Ce type de pêche est inacceptable, elle engendre d’énormes gaspillages de ressources, car un tiers des captures sont rejetées à la mer. Qu’est ce qui serait plus révélateur de cette situation qui se dégrade à une vitesse considérable, qu’aujourd’hui les pêcheurs qui se rendent dans les eaux de Dallay-Af, Maskali-Moucha reviennent bredouilles nous affirme Ibrahim Mougga !
Où sont passés les poissons ? Il faut quand même se poser cette question. Il sera trop tard pour changer les choses lorsqu’il n’y aura plus de coraux ni de poissons à pêcher.
« Ils raclent en toute illégalité les fonds marins et récupèrent dans leurs filets en une journée autant de poissons que nous en récoltons en un an.
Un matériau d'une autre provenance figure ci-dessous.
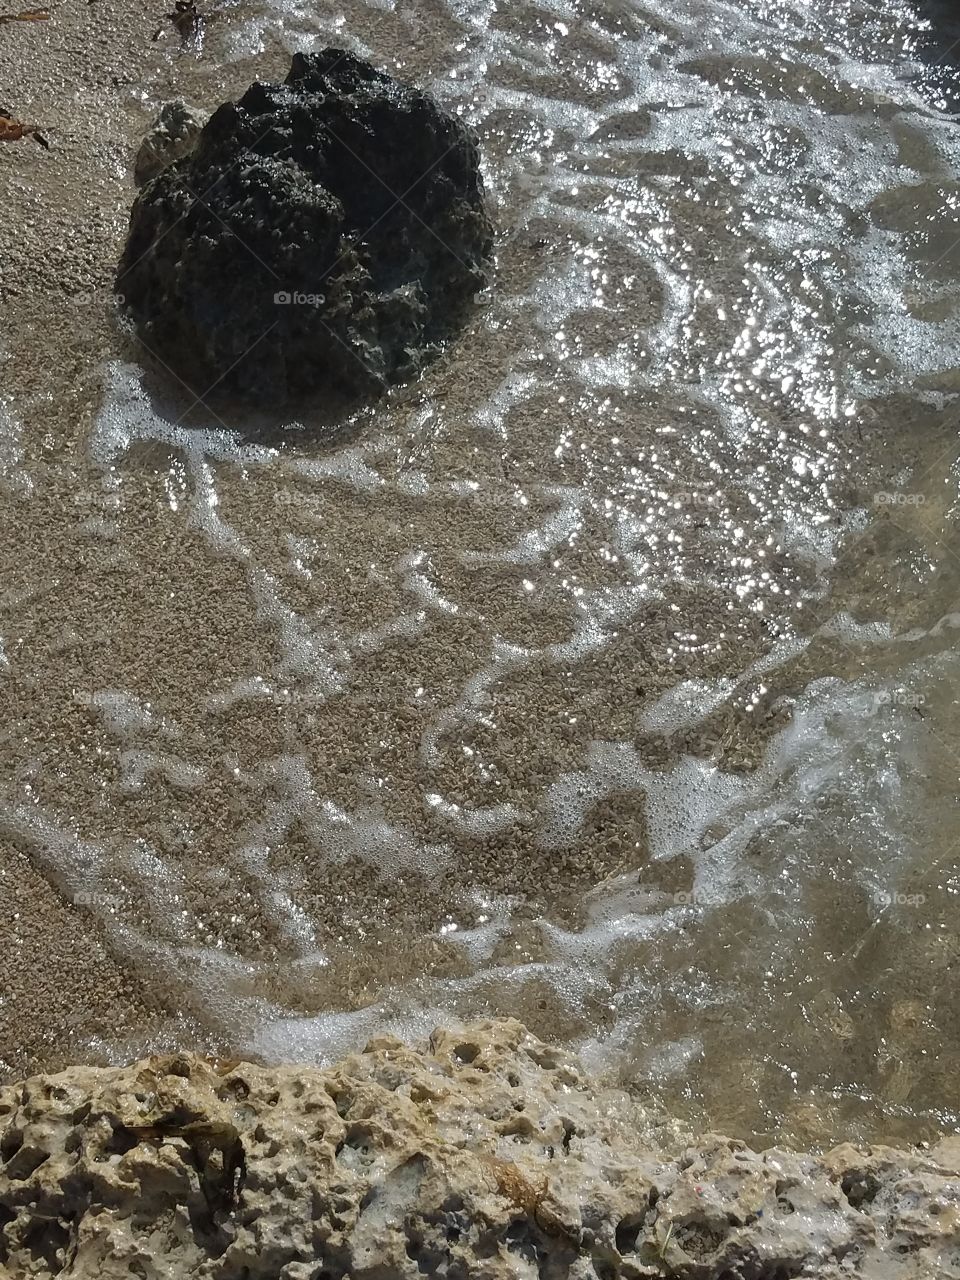 warm sand,clear water under a warm sun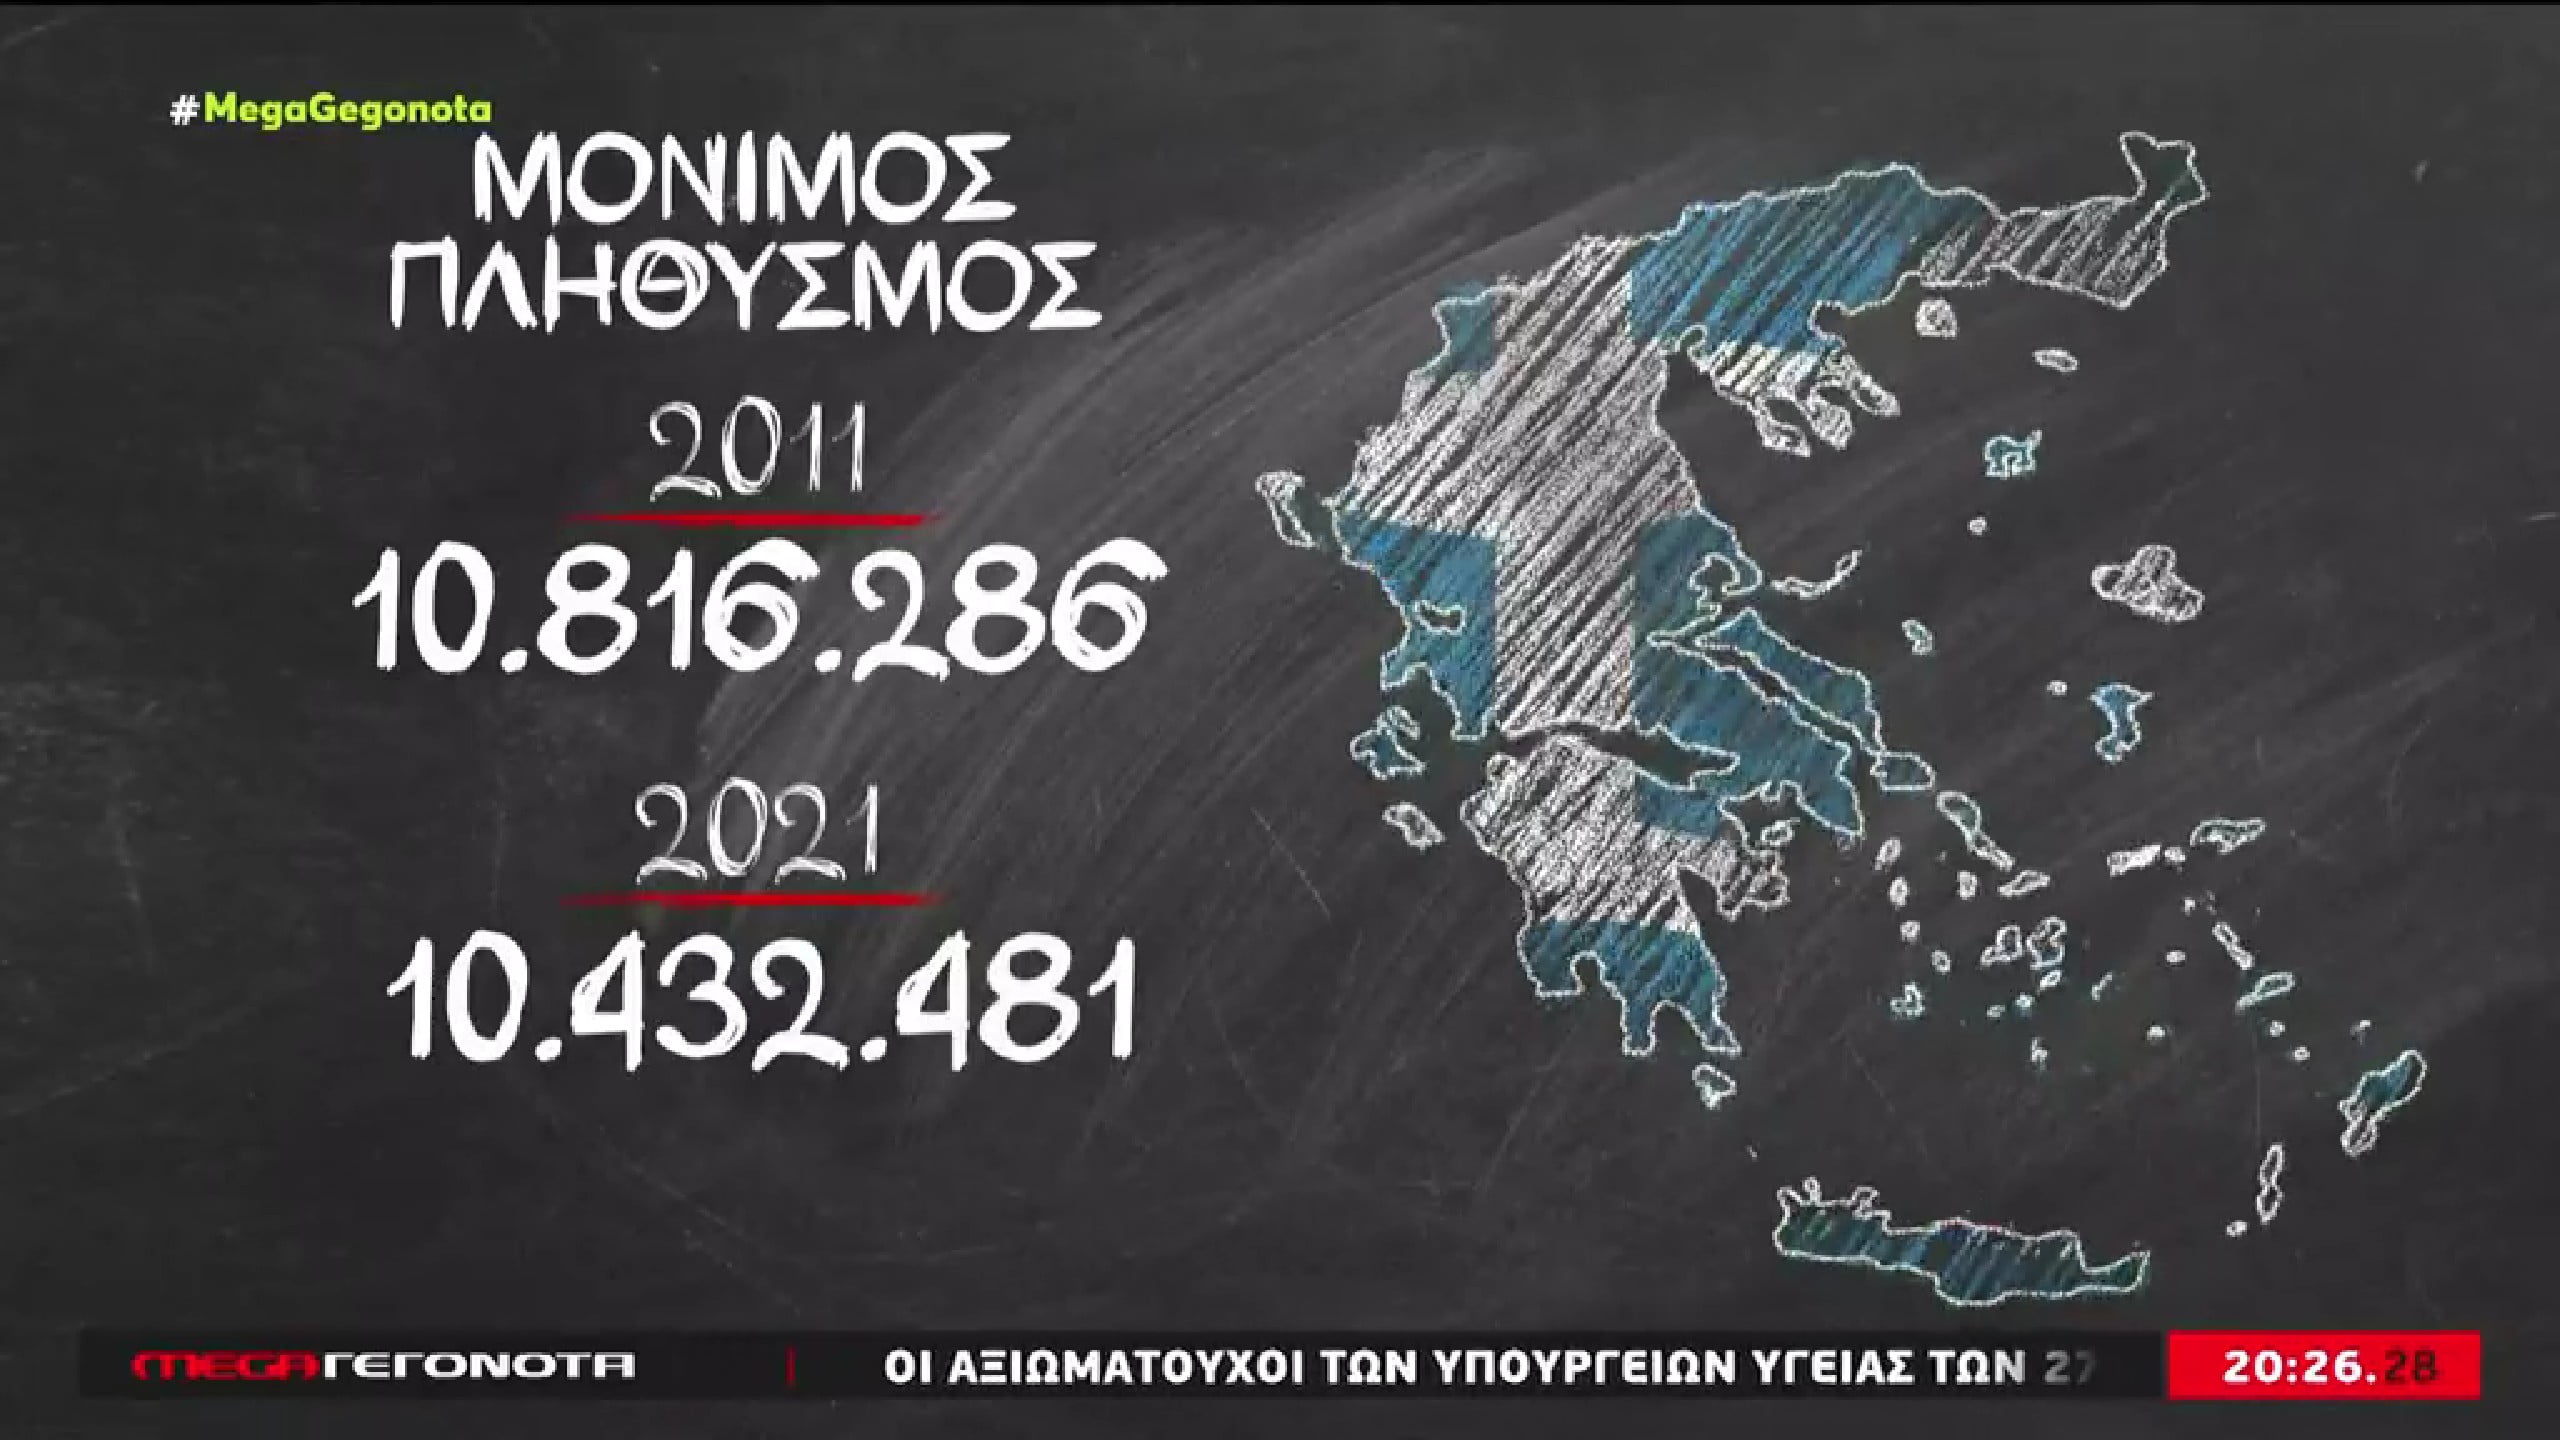 Στοιχεία που προβληματίζουν! Μειωμένος κατά 187.397 άτομα ο νόμιμος πληθυσμός της Ελλάδας

Des captures d’espèces vulnérables et menacées sont des plus probables ainsi que celles des poissons juvéniles qui se retrouvent pris dans les filets et qui n’ont pas le temps de se reproduire. C’est un énorme gaspillage des ressources, un tiers des captures sont rejetées à la mer. C’est une pêche aveugle, criminelle et industrielle. Ils nous privent de notre gagne-pain et ils voudraient que nous restions les bras croisés », s’émeut Ibrahim.
Ibrahim Omar Ali dresse un bilan catastrophique de cette pêche au chalut, menaçant le fonctionnement de nos écosystèmes marins. Il remarque comme navré qu’aucune mesure d’interdiction, de contrôle voire d’encadrement de la méthode de pêche en mer n’existe… Ce cri du cœur, cet appel à l’aide des artisans pêcheurs djiboutiens, ne peut rester sans réponse. Ils dépendent de la mer - personne ne peut le nier - ils sont en danger, ils sont confrontés à des pêcheurs sans scrupules.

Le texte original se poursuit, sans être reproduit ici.